> [The task]: Leave every image out, and return the rest of the data word for word.
::: Source data
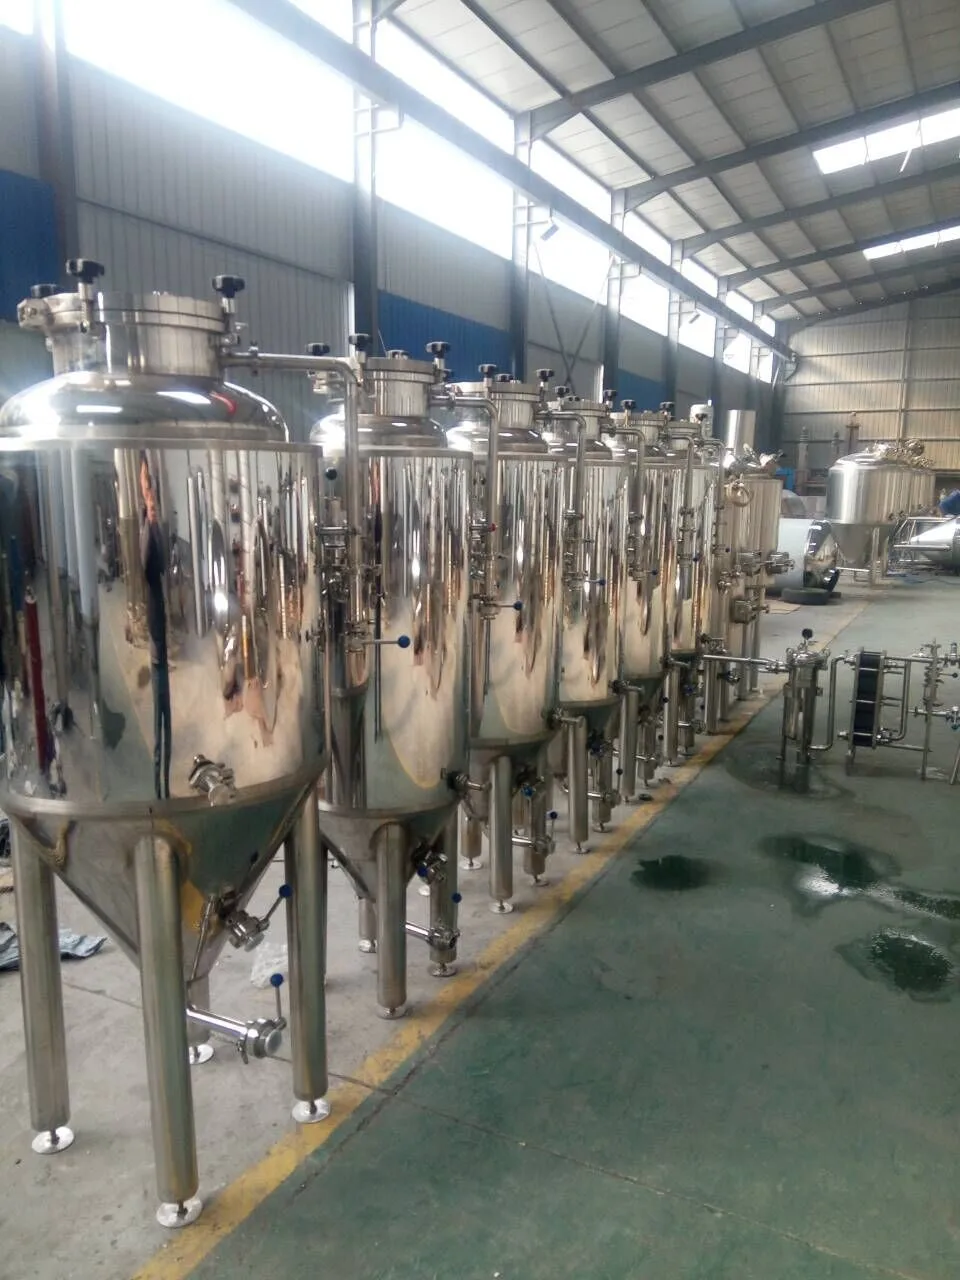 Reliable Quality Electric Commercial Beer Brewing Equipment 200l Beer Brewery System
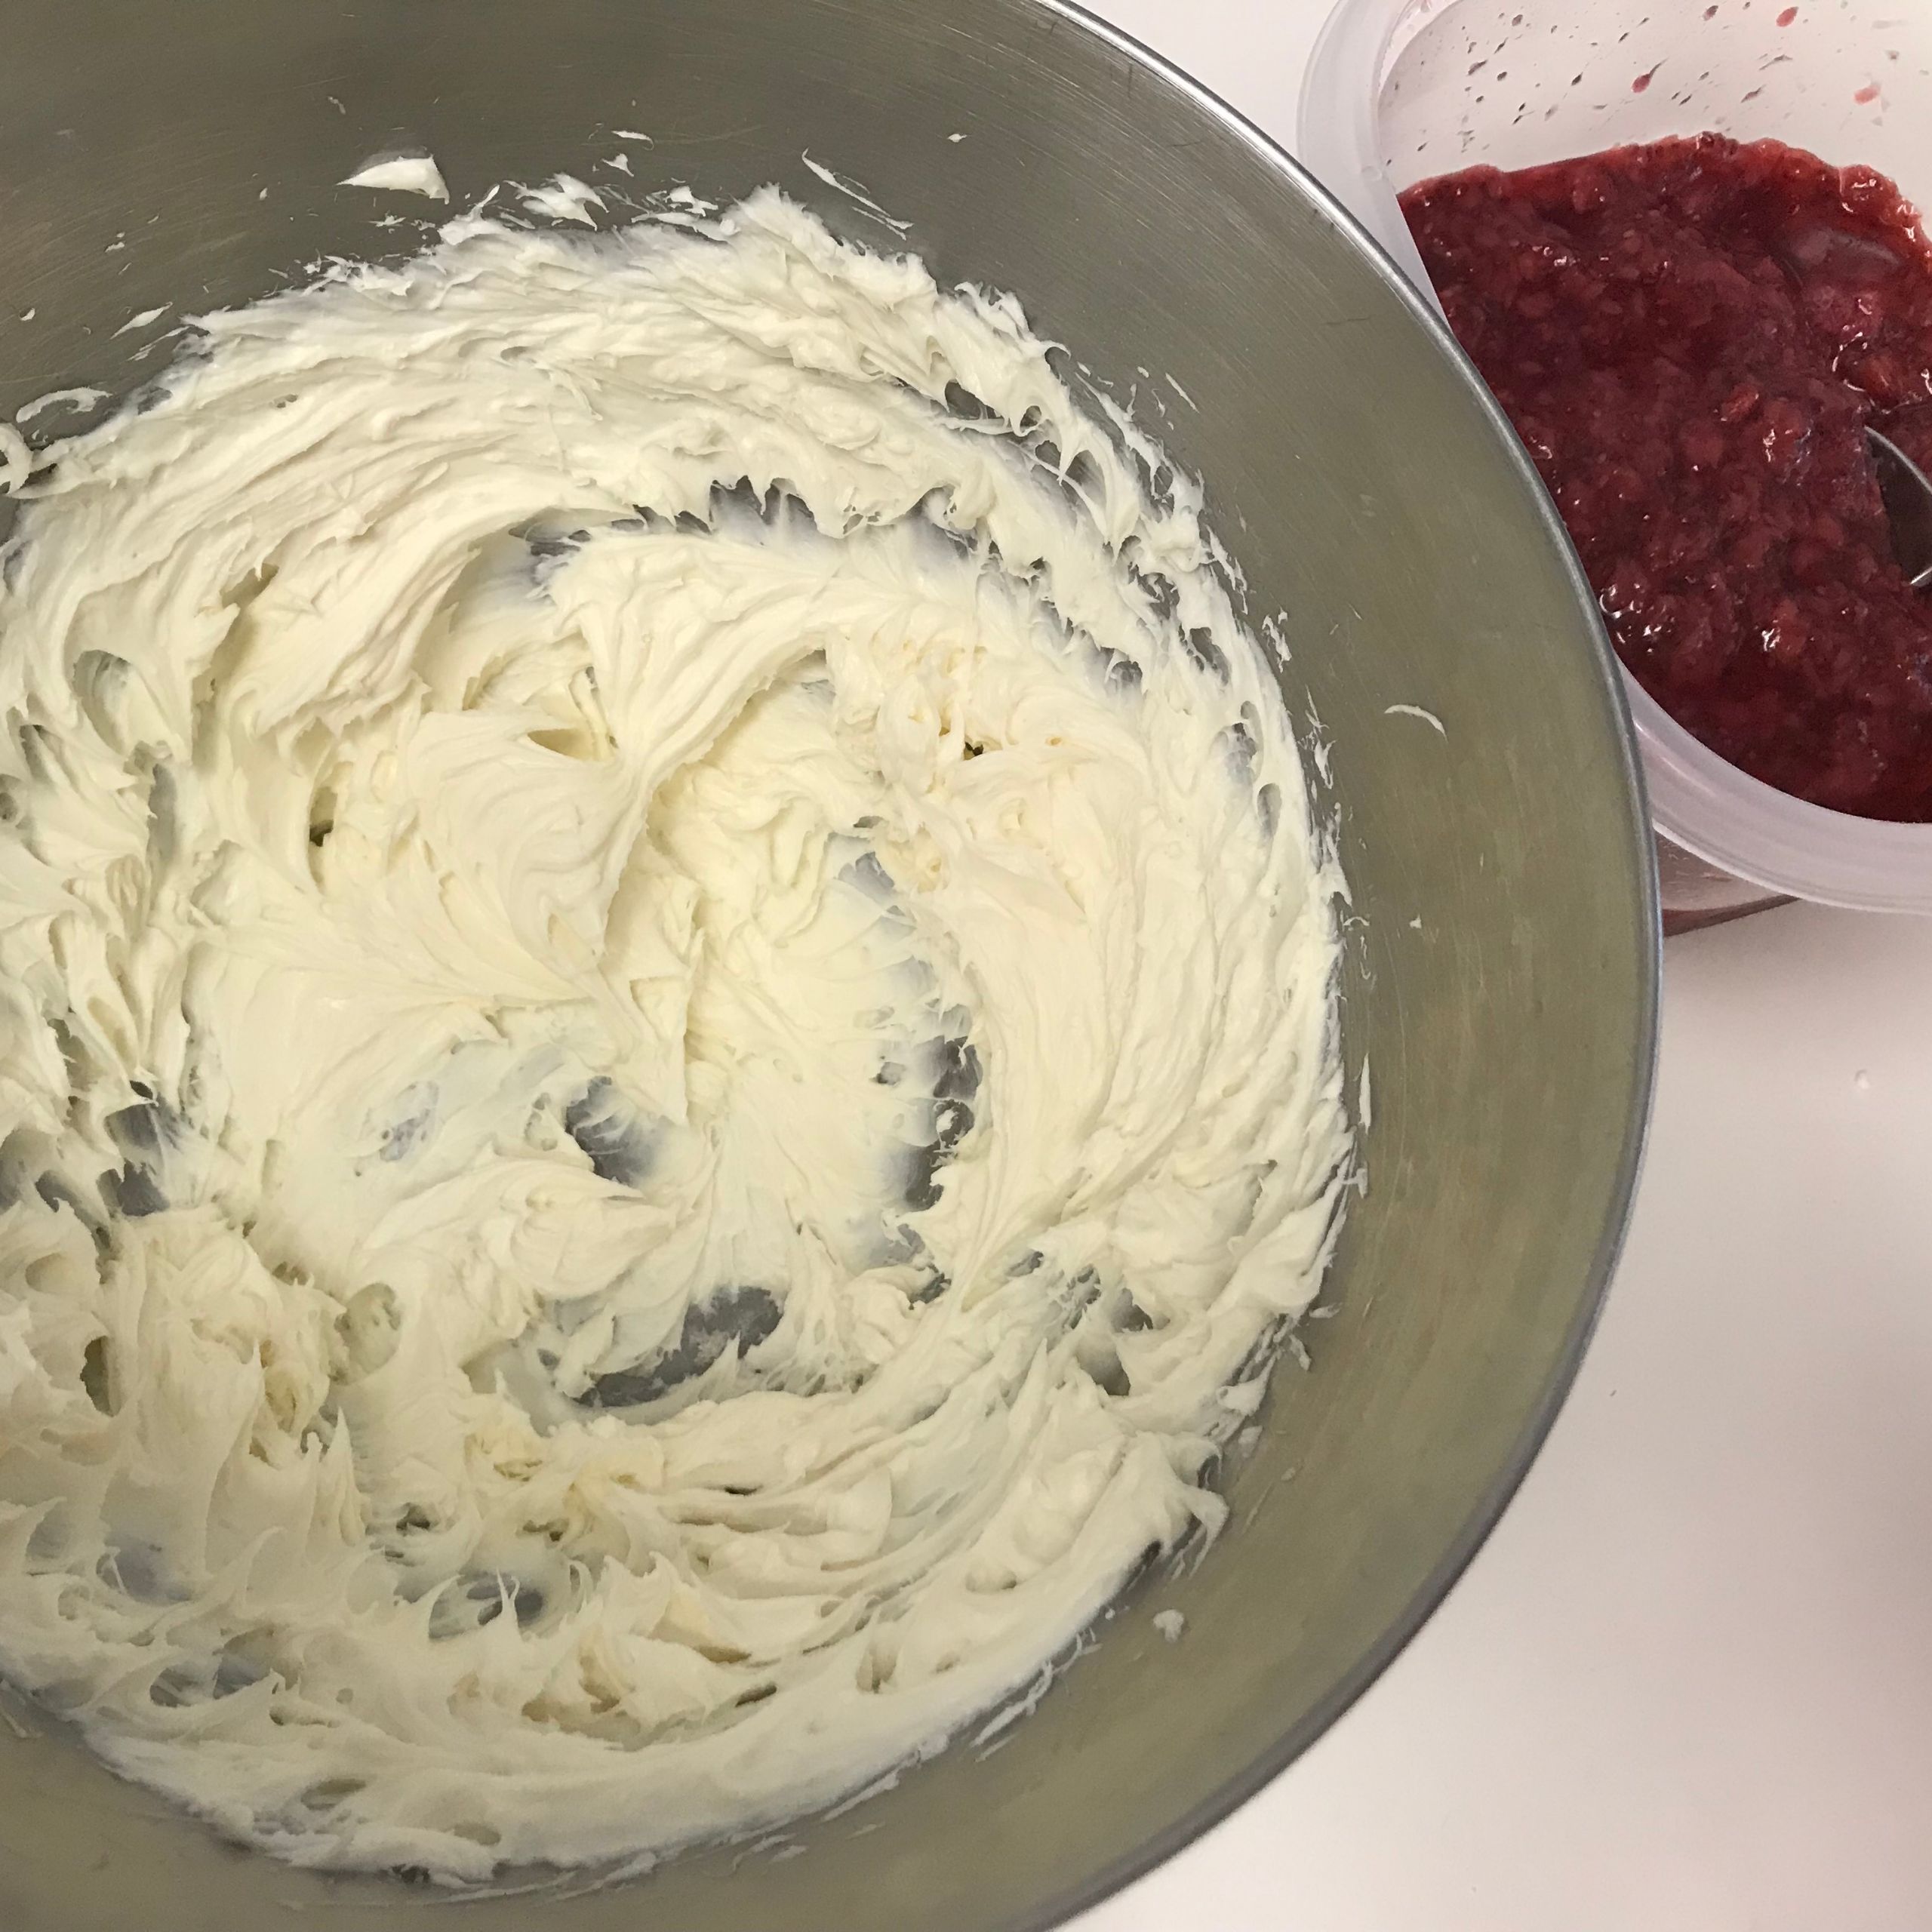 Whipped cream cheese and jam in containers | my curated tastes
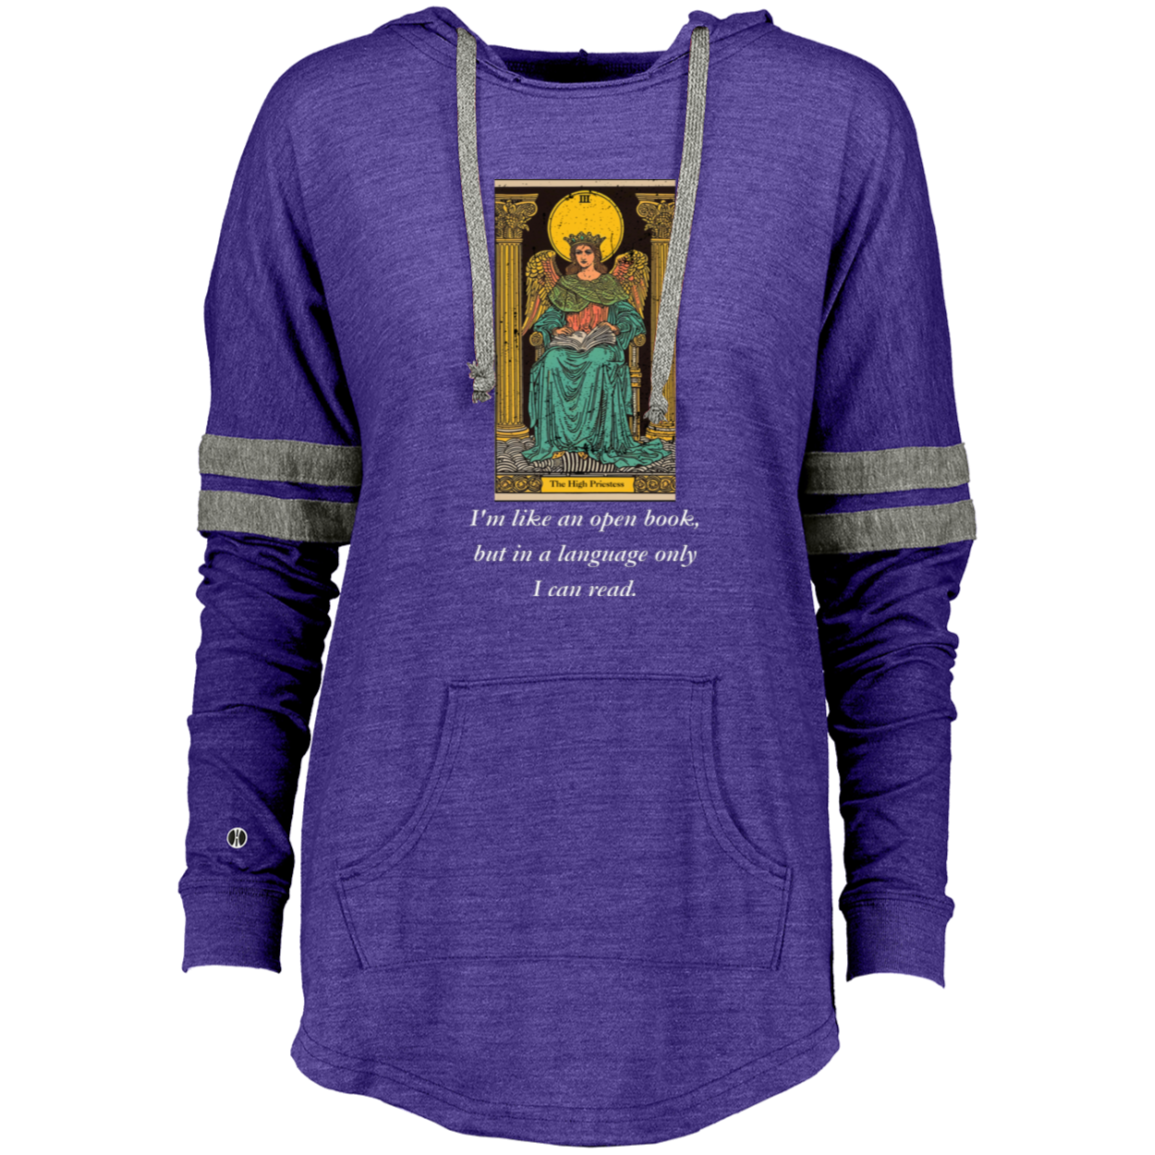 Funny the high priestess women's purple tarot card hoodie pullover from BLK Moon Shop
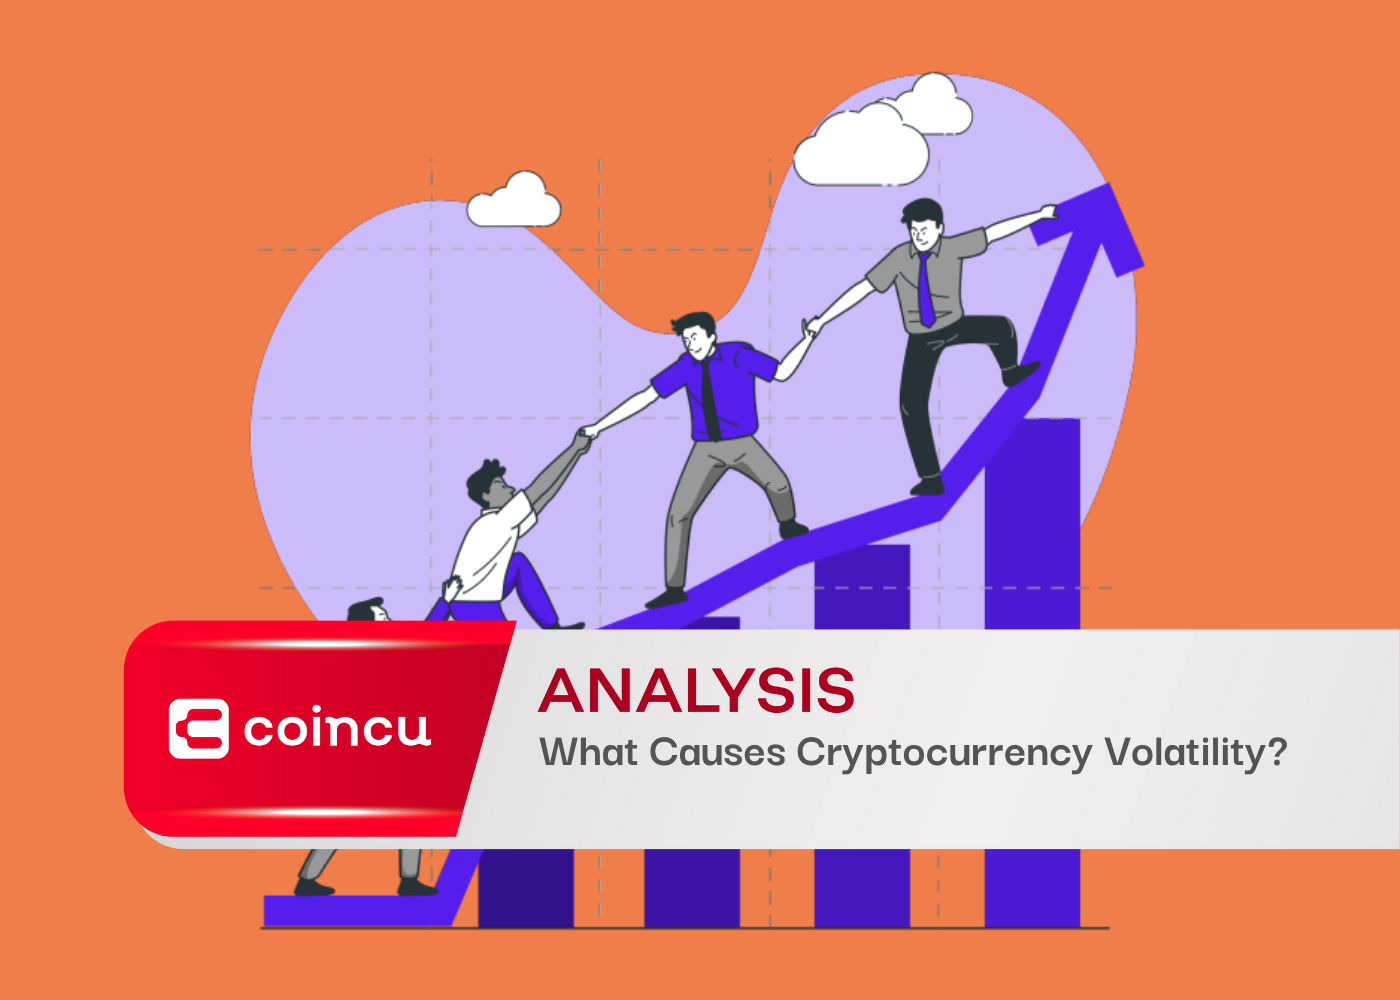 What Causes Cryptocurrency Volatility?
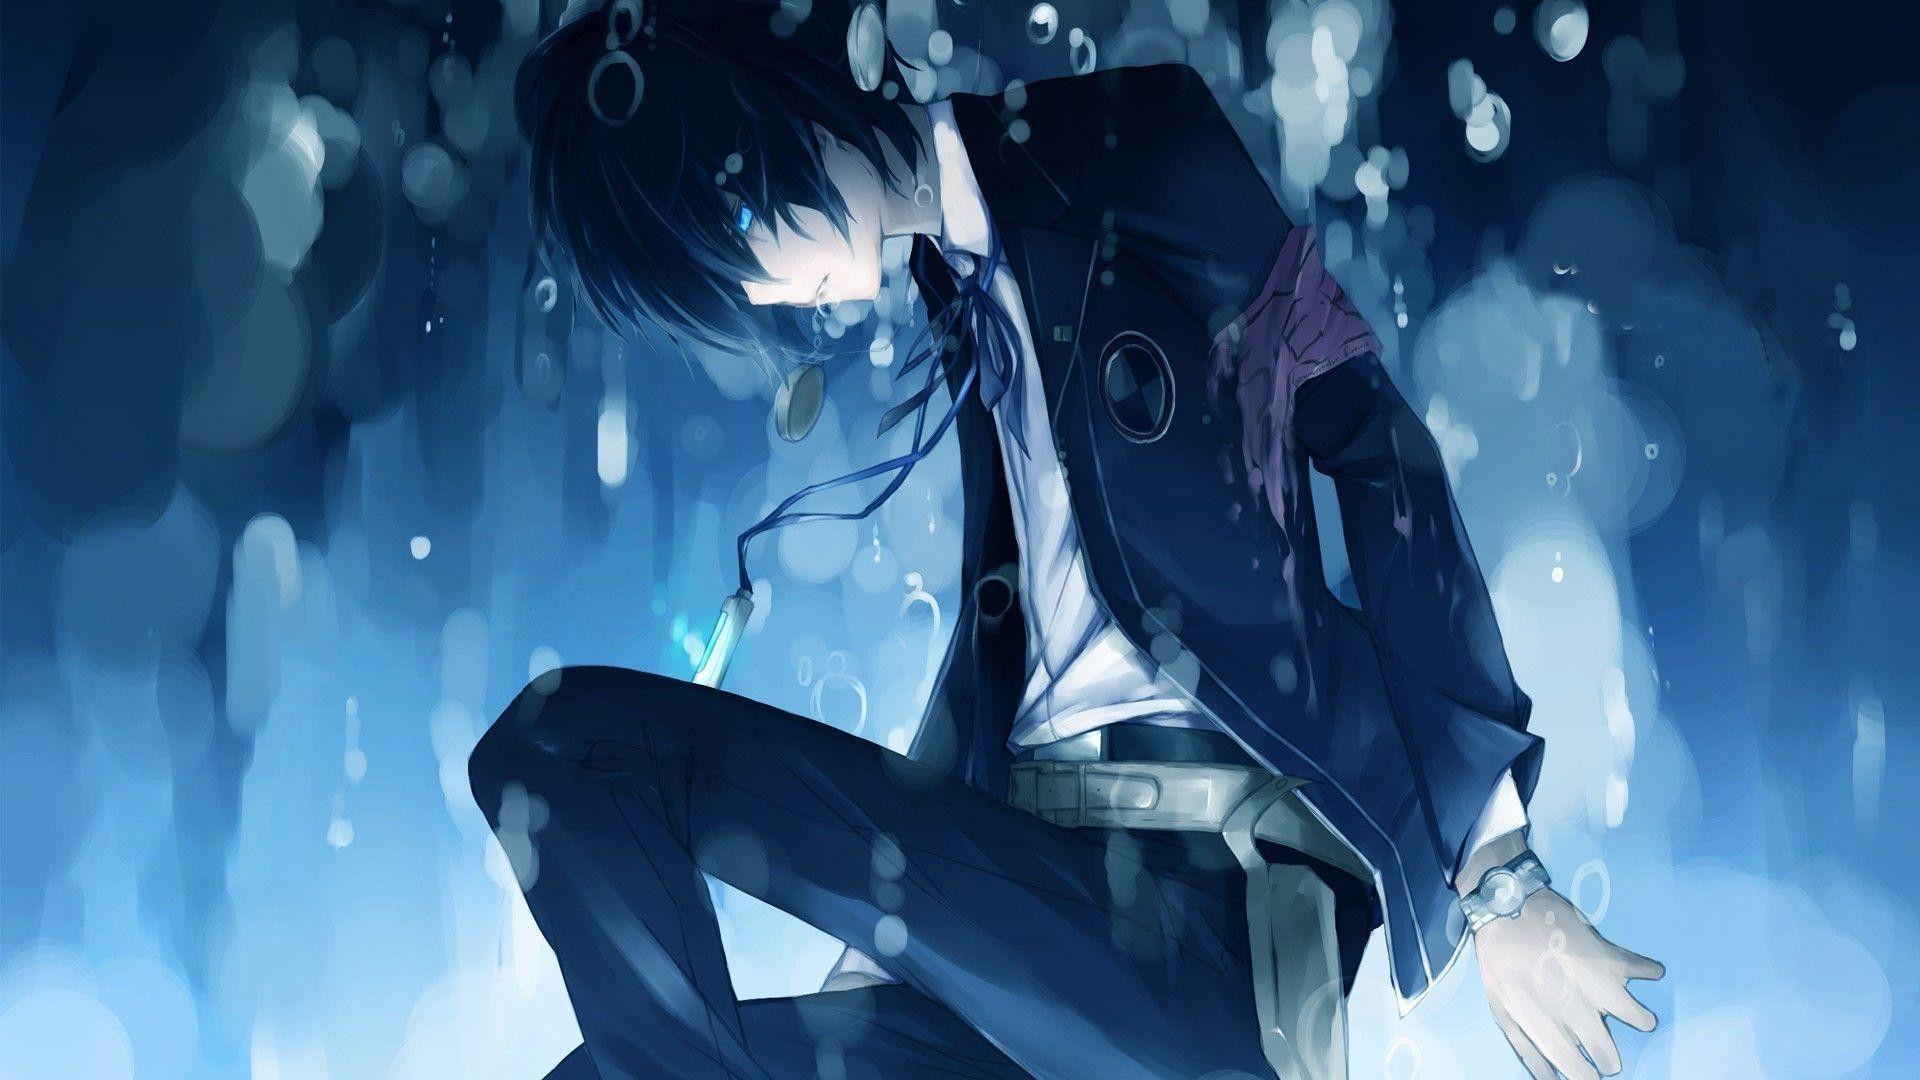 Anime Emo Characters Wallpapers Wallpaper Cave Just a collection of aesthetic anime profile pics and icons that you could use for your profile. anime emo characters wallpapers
::::::
> [Response for this exercise]:
 Reliable Quality Electric Commercial Beer Brewing Equipment 200l Beer Brewery System
 Whipped cream cheese and jam in containers | my curated tastes
 Funny the high priestess women's purple tarot card hoodie pullover from BLK Moon Shop
 What Causes Cryptocurrency Volatility?
 Anime Emo Characters Wallpapers Wallpaper Cave Just a collection of aesthetic anime profile pics and icons that you could use for your profile. anime emo characters wallpapers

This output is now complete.